From andy.jenkinson at ebi.ac.uk Mon Mar 7 08:11:46 2011
From: andy.jenkinson at ebi.ac.uk (Andy Jenkinson)
Date: Mon, 7 Mar 2011 13:11:46 +0000
Subject: [DAS] Adjacent feature extension
In-Reply-To:
References:
<4CB1186B-D5F0-4750-A297-88538BB196B5@ebi.ac.uk>
<4796FEEA-3D6A-43A4-A76D-2212E2F690B6@ebi.ac.uk>
Message-ID: <31F4DDA4-EFE4-467F-A2BE-A65CACD8BDD4@ebi.ac.uk>
On 7 Mar 2011, at 12:57, Thomas Down wrote:
> On Mon, Mar 7, 2011 at 12:43 PM, Andy Jenkinson wrote:
> We should be under no illusions though that people are going to be able to implement this easily without reading the documentation carefully, no matter which option is chosen. In particular, I can foresee servers not interpreting the "type" filter appropriately, being likely to process the adjacent query then apply the type filter, which would be wrong. I have a feeling most sources implement the type filter as a passive "post filter" rather than an active one. I can tell you right now that it is going to be really quite difficult for me to implement "adjacent" correctly for the ASTD gene/transcript/exon sources, and I suspect the same will be true for retrofitting lots of other sources.
>
> I appreciate this is tough. However, given the existence of UCSC-like "super-sources" containing basically unrelated types, with potentially quite different densities and dispositions, I find it hard to see how this is going to be useful without some kind of interaction with the types filter along the lines of what I've proposed.
Absolutely.
From jw12 at sanger.ac.uk Mon Mar 7 09:11:20 2011
From: jw12 at sanger.ac.uk (Jonathan Warren)

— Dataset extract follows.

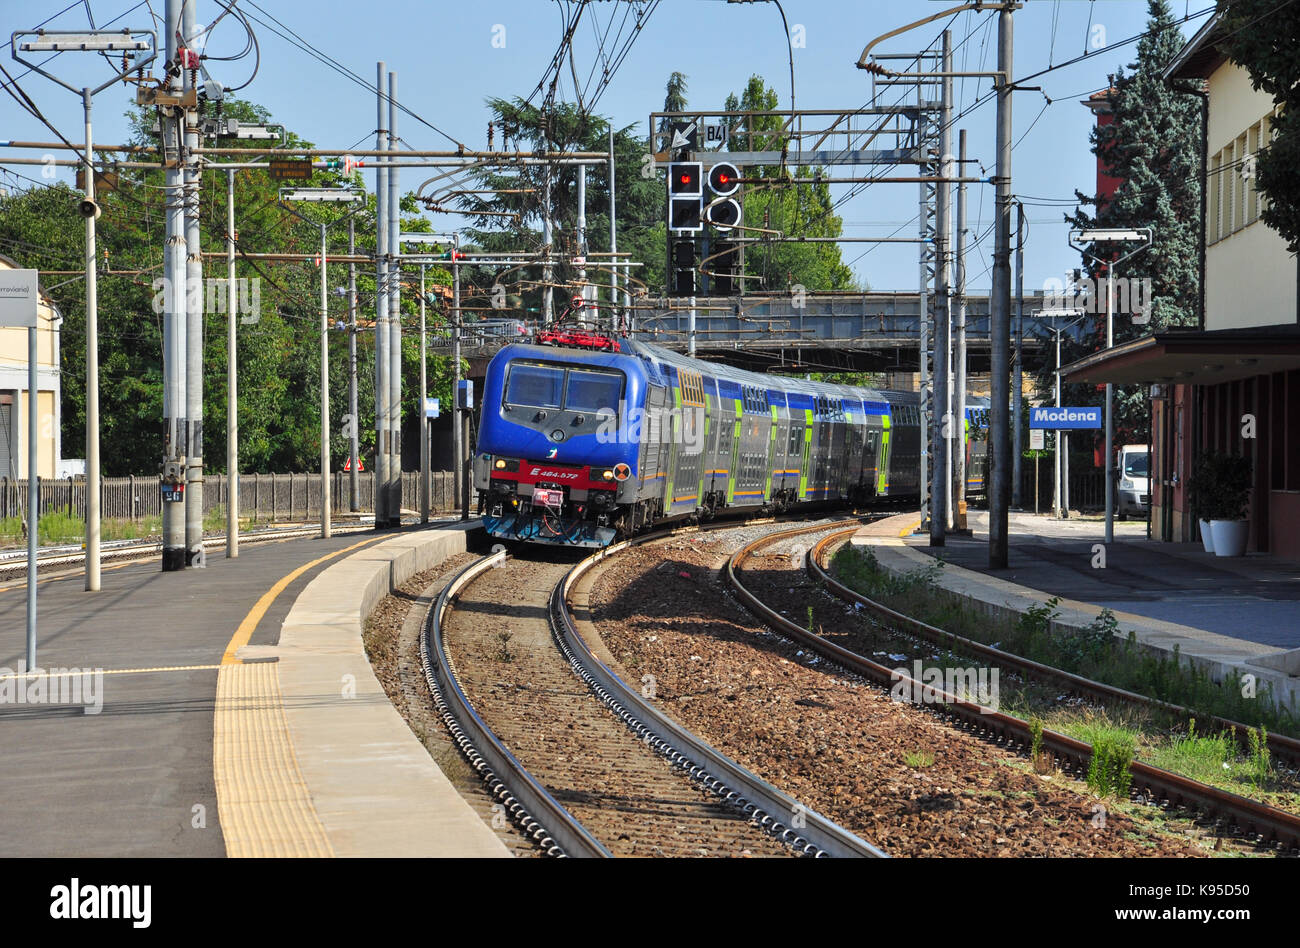 Class E464 electric locomotive heads a passenger train into the railway station, Modena, Italy Stock Photo

Date: Mon, 7 Mar 2011 14:11:20 +0000
Subject: [DAS] Adjacent feature extension
In-Reply-To: <4796FEEA-3D6A-43A4-A76D-2212E2F690B6@ebi.ac.uk>
References:
<4CB1186B-D5F0-4750-A297-88538BB196B5@ebi.ac.uk>
<4796FEEA-3D6A-43A4-A76D-2212E2F690B6@ebi.ac.uk>
Message-ID:
On 7 Mar 2011, at 12:43, Andy Jenkinson wrote:
> On 7 Mar 2011, at 11:51, Jonathan Warren wrote:
>
>> On 7 Mar 2011, at 11:19, Andy Jenkinson wrote:
>>
>>> On 7 Mar 2011, at 10:57, Jonathan Warren wrote:
>>>
>>>>
>>>> My vote would ideally to change feature_by_id to return one
>>>> feature and have the adjacent_feature as returning one feature.
>>>> This in my opinion would mean these capabilities on servers do
>>>> "exactly as they say on the tin" and would be easier to implement
>>>> for data providers and are thus more likely to be implemented?
>>>> If the feature_id capability as it stands is needed it could be
>>>> changed to something more akin to what it means like
>>>> feature_id_region but I would bet no one would bother to change
>>>> it/use it?
>>>>
>>>> However the reality is that we are too late to change the old
>>>> feature_by_id, but I don't think we need to make the same mistake
>>>> twice by repeating it for adjacent_features?
>>>
>>> I disagree. I think the problems with feature-by-id are that a)
>>> the name of the capability implies singular, and b) the concept
>>> itself (i.e. getting a feature by its ID) is such a common
>>> operation that is otherwise missing in DAS. I don't think either
>>> of those apply to an "adjacent" capability unless you specifically
>>> choose to call it "adjacent-feature" as opposed to "adjacent-
>>> features". I honestly don't think a capability called "adjacent-
>>> features" with a query structure like "/das/features?adjacent=foo:
>>> 1" implies singular, rather the opposite in fact. To me that query
>>> suggests "get me the features adjacent to foo:1". True that 2
>>> features is plural which still leaves a "one feature either side"
>>> interpretation possible, but IMO certainly not implicit enough to
>>> stop anyone implementing it to actually read the specification/
>>> documentation. Add to that the fact that this is an entirely new
>>> behaviour that we have the chance to properly document and make it
>>> clear exactly what the server must do.
>>>
>>> So IMO we have a clear choice.
>> I still think it's simpler to implement it for one feature either
>> side and keep complexity in the client. Generally how many people
>> stay wake after line 10 when reading the spec? :) Lets see if there
>> are more votes...
>
> It probably is simpler to implement (well, to implement with maximum
> efficiency) and I am not advocating one over the other, but IMO the
> implementation considerations are a separate part of our choice and
> are orthogonal to whether it's confusing for those implementing it
> and consequently whether we see divergence from the spec like we do
> with feature-by-id. As Gustavo says, he'd implement feature-by-id as
> one feature because that's what he thinks it means, not because it's
> difficult. I'd posit that it'd be a one line change for any server
> maintainer to fix theirs to implement it correctly (i.e. use the
> feature's start/end to resubmit the query), it's just that it'd be
> more complicated to do it in a single step from the beginning.
>
> We should be under no illusions though that people are going to be
> able to implement this easily without reading the documentation
> carefully, no matter which option is chosen.
Good template methods and or examples in tutorials examples will
encourage use of this command.
> In particular, I can foresee servers not interpreting the "type"
> filter appropriately, being likely to process the adjacent query
> then apply the type filter, which would be wrong. I have a feeling
> most sources implement the type filter as a passive "post filter"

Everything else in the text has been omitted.